Empowering Palestinian Women
Another issue that was really important to Abufarha was to make sure that women were represented in the PFTA. All of the representatives in the farming co-ops were men, so in 2006, Abufarha started creating women’s co-ops and this year began working with the NGO World Vision to expand this effort. The women’s co-ops focus on producing items that are traditionally produced by women, such as sun-dried tomatoes, hand-rolled “maftoul” (Palestinian couscous) and spice mixes.

“One of the roles of the PFTA is community building and it is not healthy to do this without integrating women,” Abufarha says.

This year, the women’s co-op’s sun-dried organic maftoul made its way onto the shelves of all 260 Williams-Sonoma locations, where their story is likely to get great exposure.

Partnering for Continued Growth
As Canaan Fair Trade has grown, and continues to do so, a key factor will be reaching new markets with their brand, as well as continuing to build partnerships with businesses such as Dr. Bronner’s.
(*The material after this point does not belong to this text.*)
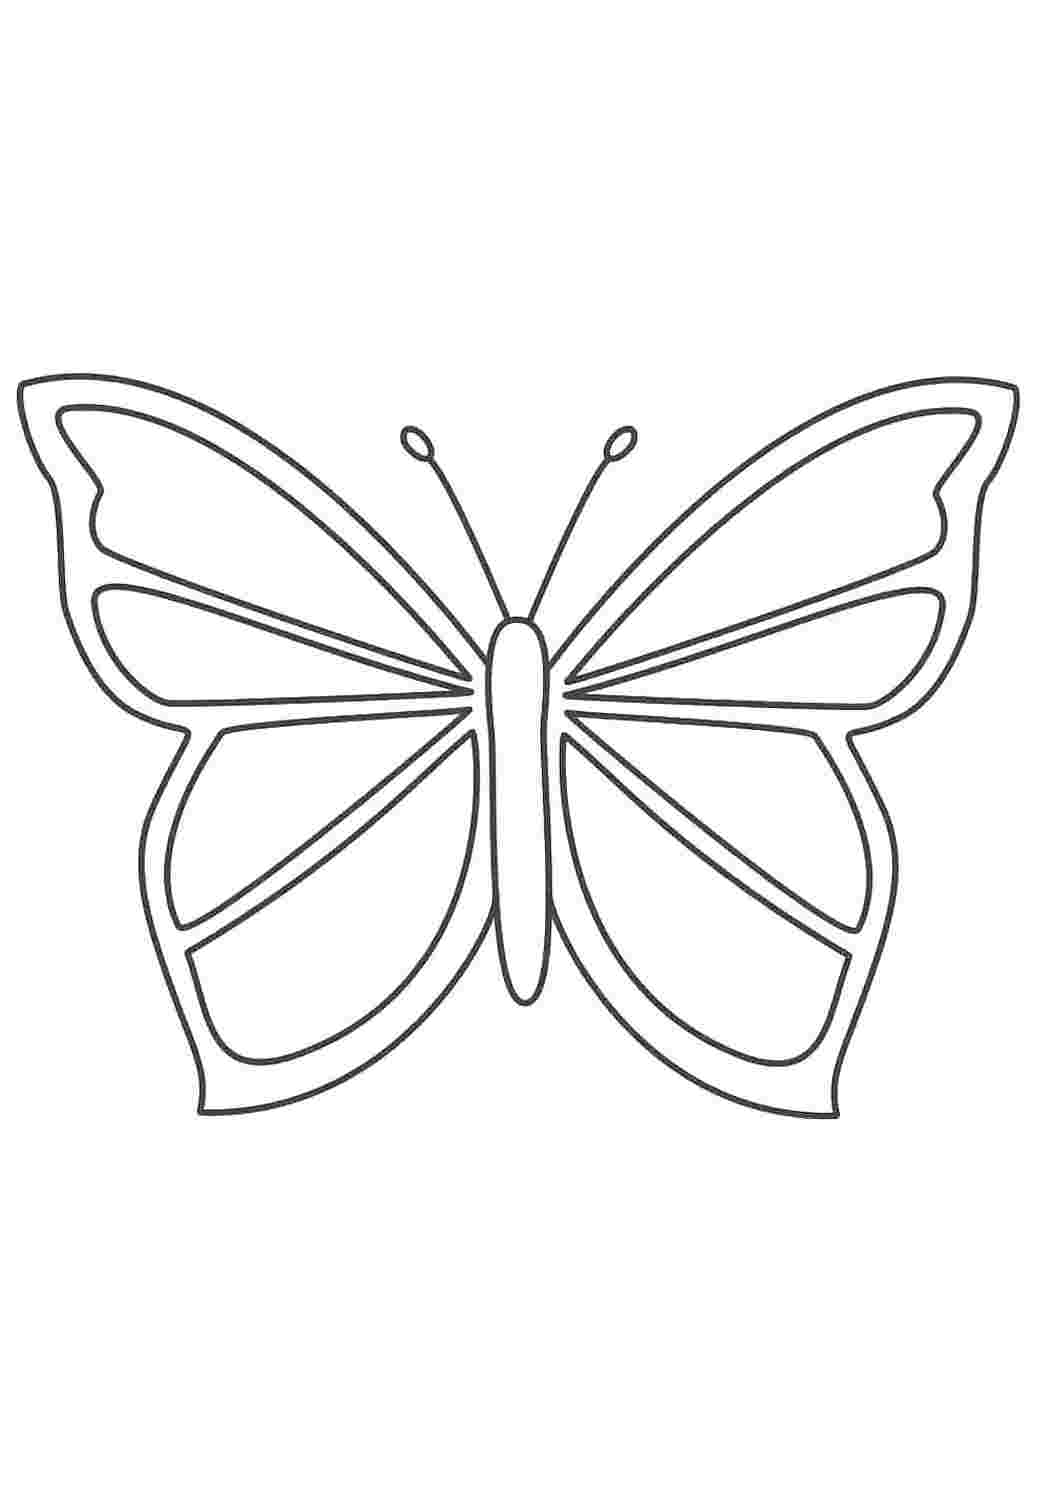 Раскраска бабочка простая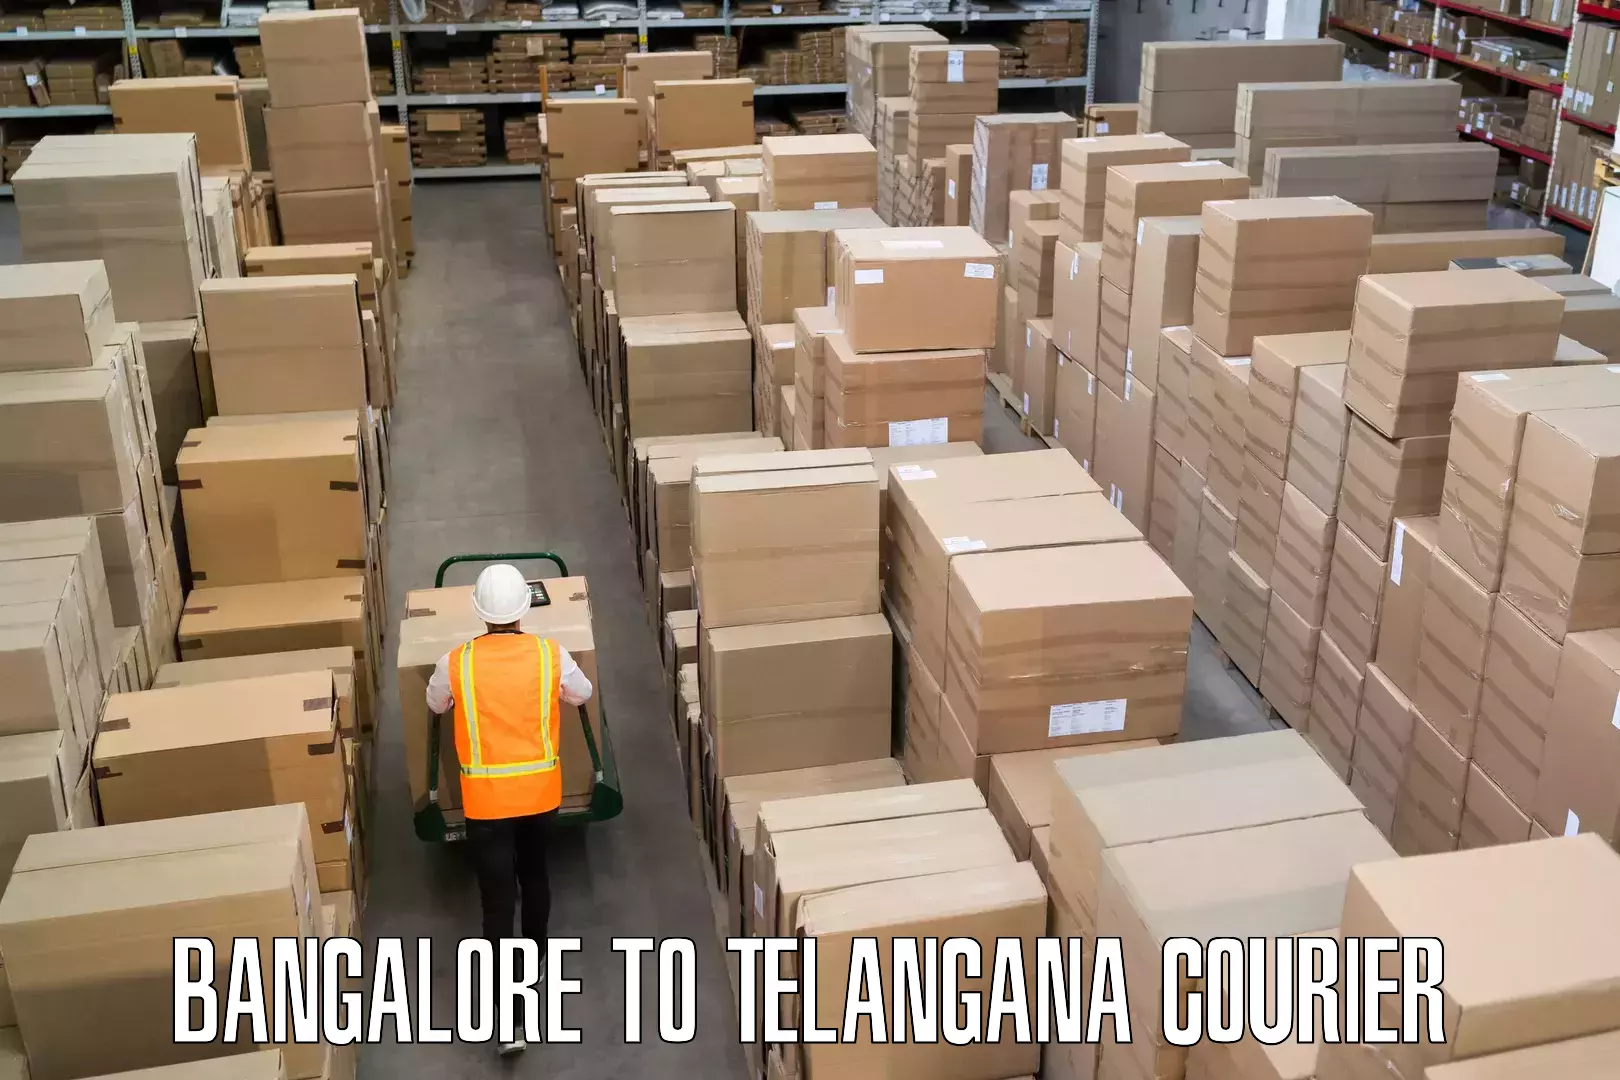 Luggage shipment specialists Bangalore to Telangana

There is talk about the organic personal care company expanding more into food by doing a private label olive oil line (they have just launched a food-grade coconut oil).

While sales are important of course, for Abufarha, success is measured most through the change in paradigm in Palestine farming communities.

“For the farmers, the biggest change we made in their lives is that they started seeing farming as a viable way of earning a living again. Farming is a skill they know well; it is deep in their heritage,” says Abufarha. “Making farming viable again is good for the whole community, it creates hope and this is what makes it meaningful to me.”